Она вспомнила это, и снова в душе разлилось тепло, как всякий раз было, едва Анна думала о муже. Подавила легкую досаду, что он не подошел, как бывало, к ней сейчас со спины и не коснулся губами обнаженного плеча или шеи. Она обожала читать восхищение ее красотой в его глазах, оттого ныне и не сумела не почувствовать легкое раздражение, что Андрея нет рядом. Хотя… ей всегда было не по себе, когда его не было рядом. Потому и без особого труда следовала их третьему правилу, которое они озвучили в числе прочих после дня венчания.

Всегда быть подле супруга по возможности. Не расставаться долее, чем несколько дней, коли так требуют обстоятельства. И Анна даже поехала на сезон прошлого года в Москву, оправившись после родов, когда Андрей был вынужден быть там. Государь провел зиму 1818 года в городе, пострадавшем от французов более всех в империи и готовился показать себя в новом блеске, восстав словно Феникс из того пепла, в который был обращен в 1812 году. И как написали Оленину друзья, по-прежнему служившие при дворе, Александр I был бы рад увидеть полковника во время визита в Москву.

— Ты бы желала этого? Жить в Петербурге. Быть вхожей в самые-самые круги знати, что только в столице есть, — спросил Андрей в вечер, когда получил письмо, и добавил, целуя Анну в шею прямо под линией волос. — Стать самой-самой в Петербурге… покорить всех, как здесь… Желала бы?

— А ты? Ты бы желал вернуться в столицу? — спросила Анна, вспоминая, как ценила Алевтина Афанасьевна положение и чин сына, и как высоко тот стоял после похода во Францию. Ей рассказывал о том Кузаков. Чин генерала, бывший уже почти в руках. Золотое шитье эполет. Близкое положение к государю и его окружению. Предел мечтаний любого в империи…

— Ты бы желал вернуться туда? Ведь ты там провел столько времени! Тебе, верно, непривычно в деревне после столицы…

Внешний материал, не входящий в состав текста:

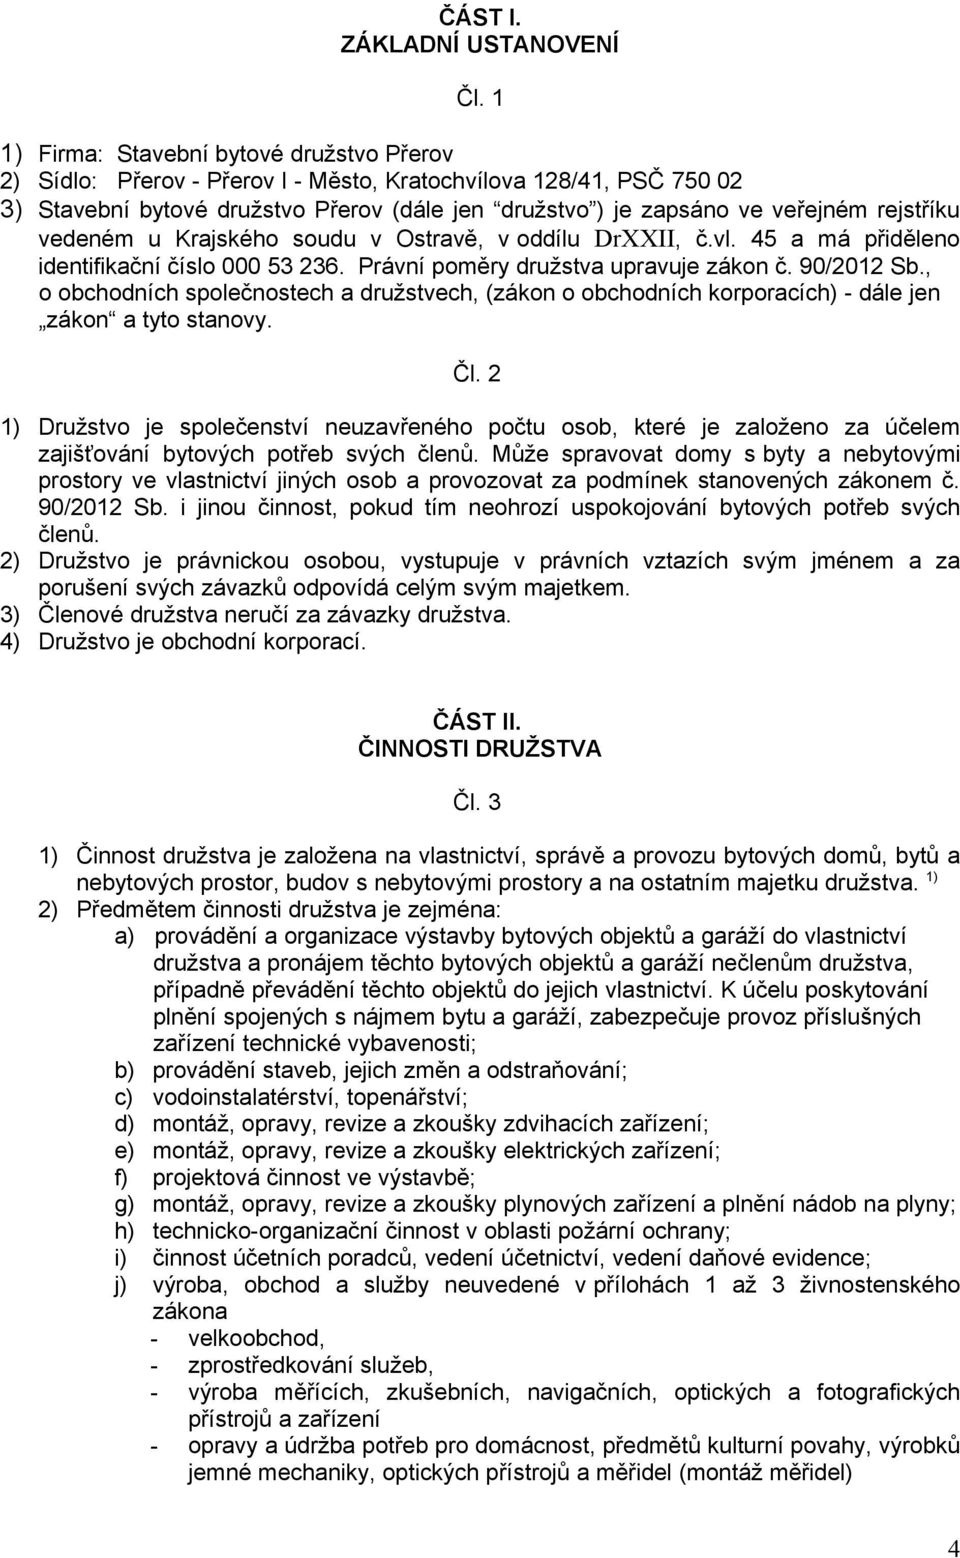 rejstříku vedeném u Krajského soudu v Ostravě, v oddílu DrXXII, č.vl. 45 a má přiděleno identifikační číslo 000 53 236. Právní poměry družstva upravuje zákon č. 90/2012 Sb.

— О нет! — рассмеялся Андрей. — Я толком-то и не был в столице, если оглянуться на годы позади. То походы, число коих было немалое, то учения за пределами города. А балы… мне во сто крат милее наши, provincial, как бы их назвали. Ведь тут все иное… и тебе здесь нравится более, верно?

Но Анна опасалась, что Андрей поддастся все же соблазну вернуться в ту прежнюю жизнь, которая была изменена по ее вине. И если он решит так, то она не скажет ни слова против, все еще ощущая вину за те перемены. Пусть и не острую, как прежде, но все еще ощутимую.

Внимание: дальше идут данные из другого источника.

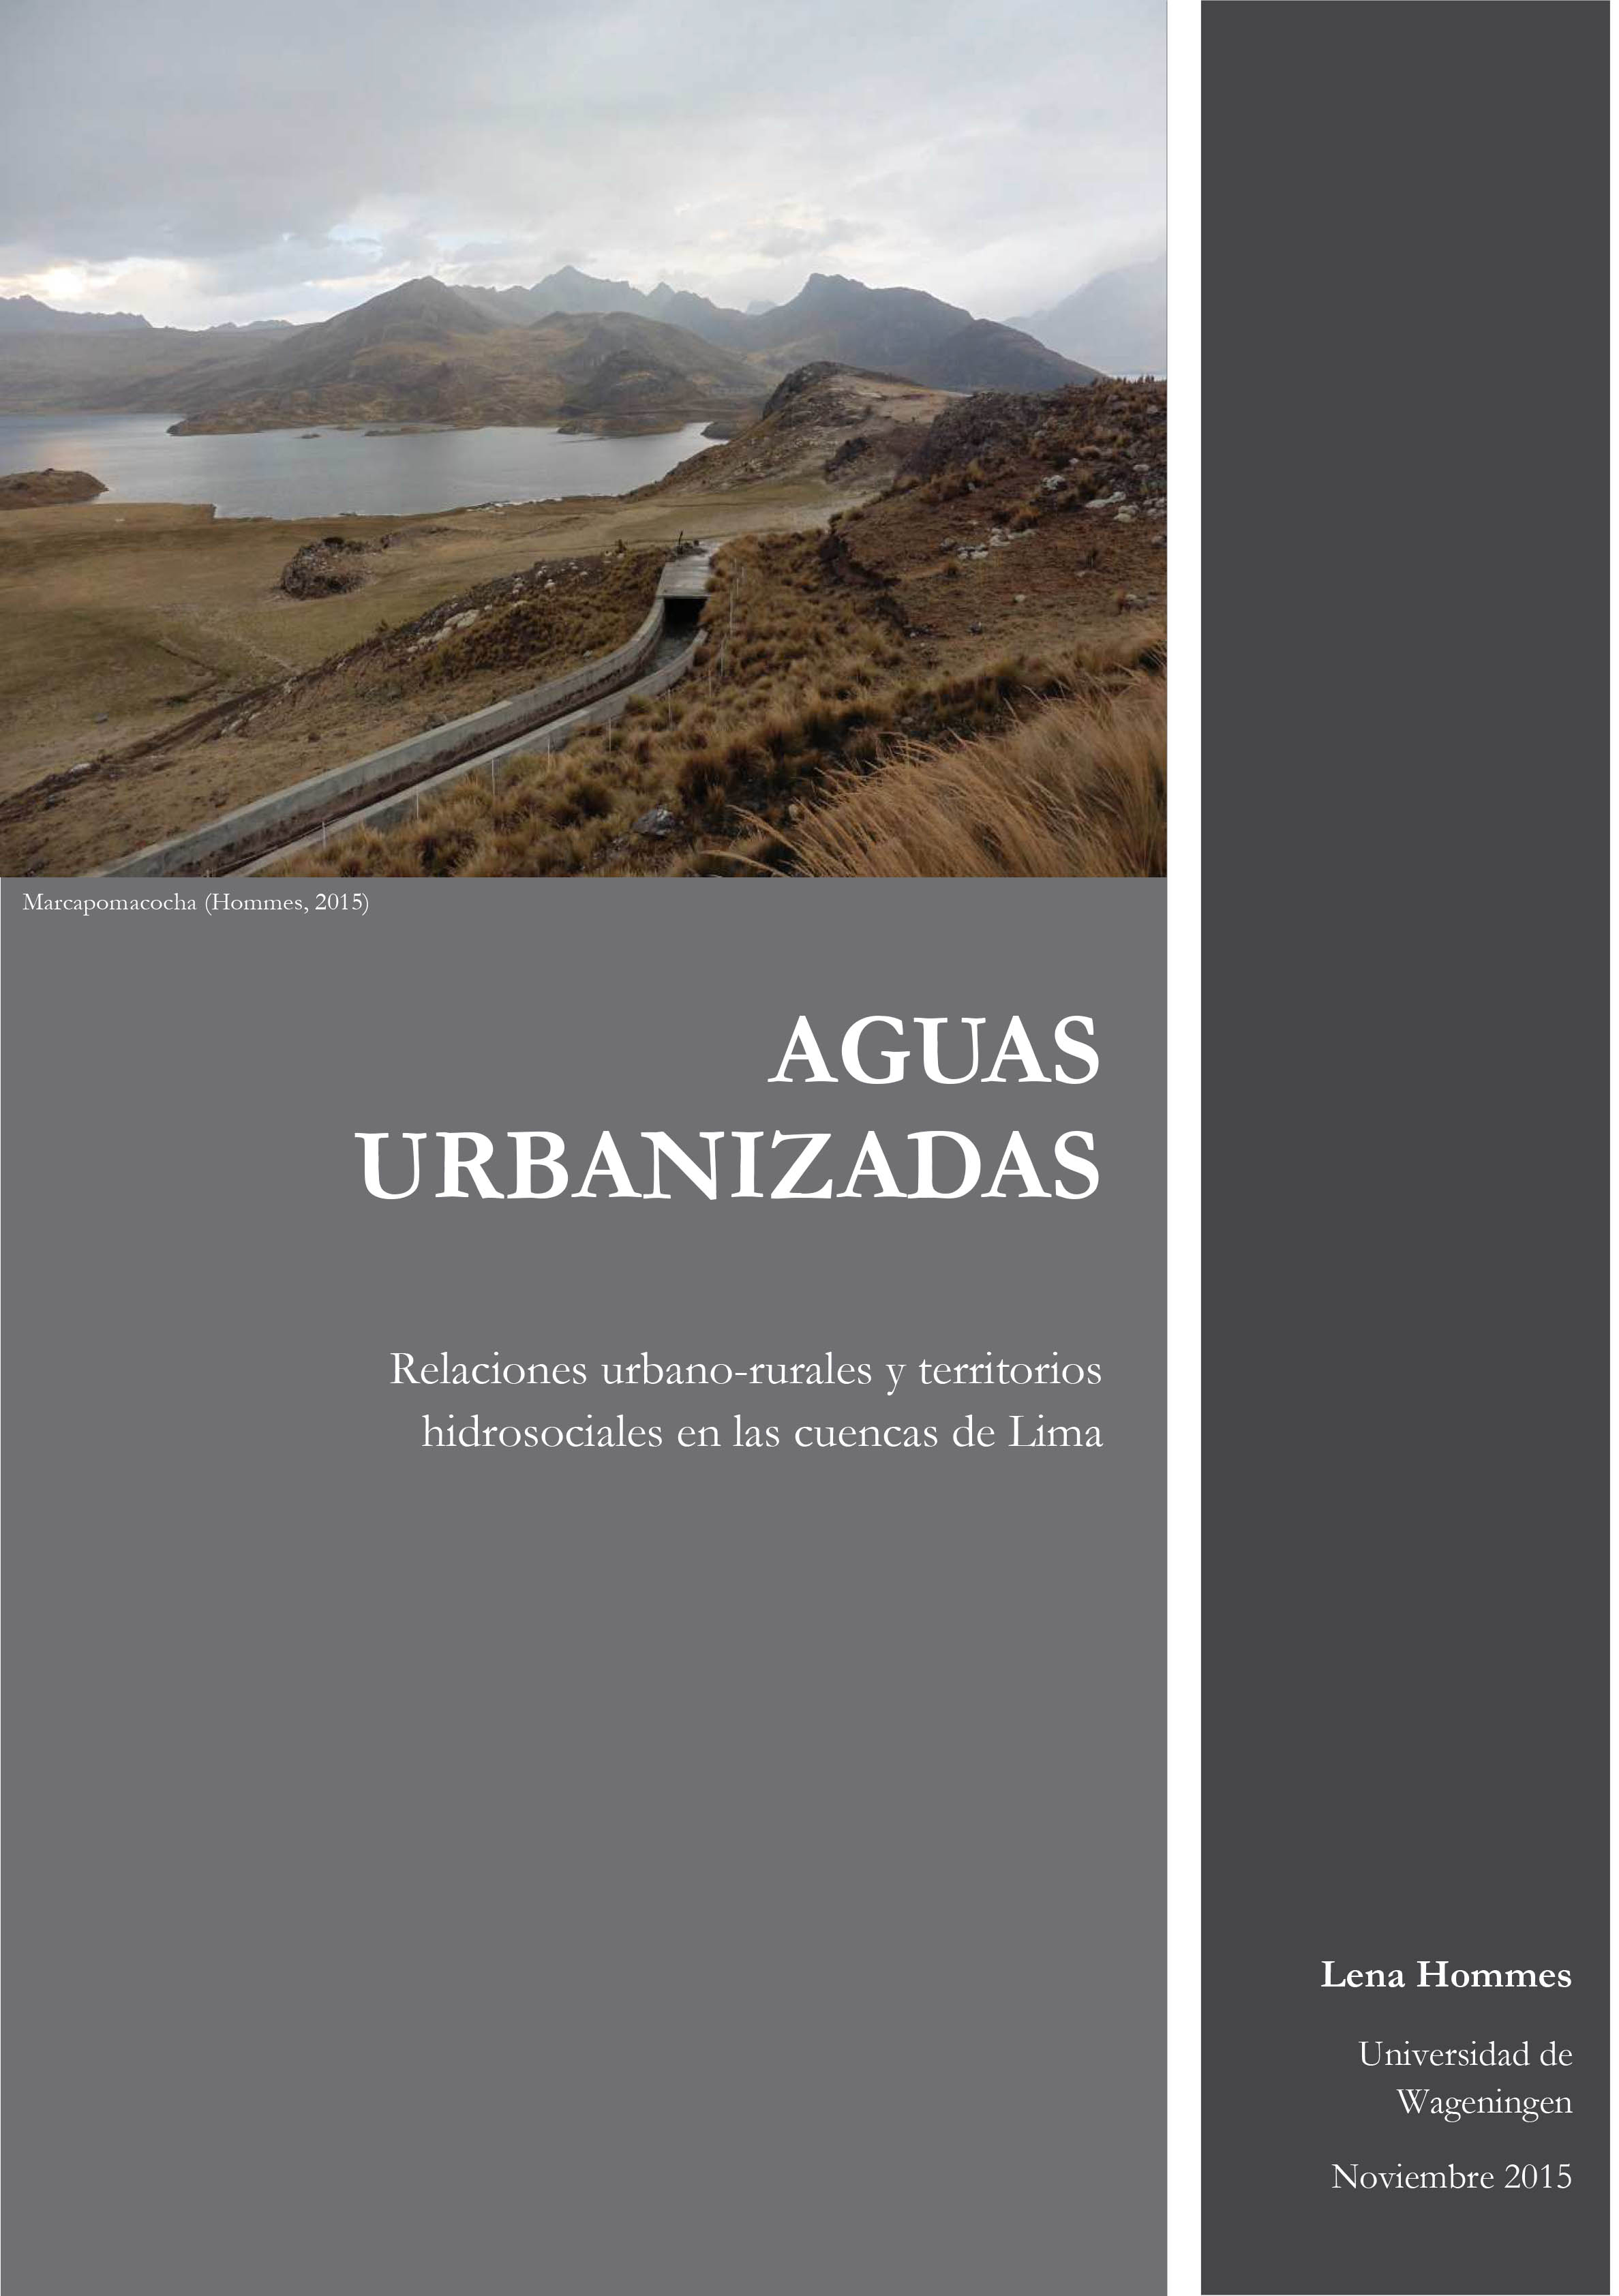 AGUAS URBANIZADAS: Relaciones urbano-rurales y territorios hidrosociales en las cuencas de Lima

Хотя была вынуждена признать, что ей нравятся городские балы и рауты, которые они посетили в сезон 1815 года, когда остановились в Москве по пути в подмосковное имение Раздолье, куда Андрей обещал свозить Анну поглядеть сады и парк, разбитый лично Марьей Афанасьевной.

А еще приближалась очередная годовщина кончины графини, и Андрей должен был непременно навестить ее могилу в ближайшем монастыре. Анна тогда не смогла сдержать слез, когда увидела мраморный барельеф на надгробной плите — женский профиль, олицетворяющий по замыслу ваятеля саму скорбь в наброшенном на голову покрывале. Она и так стала чувствительна в том положении будущей матери, в котором приехала поздней осенью в Раздолье, потому неудивительно, что символ горя вызвал в ней тихие, но неудержимые слезы. Как и весть, что собачки графини, ее неизменные спутницы, не выжили без своей хозяйки — умерли одна за другой.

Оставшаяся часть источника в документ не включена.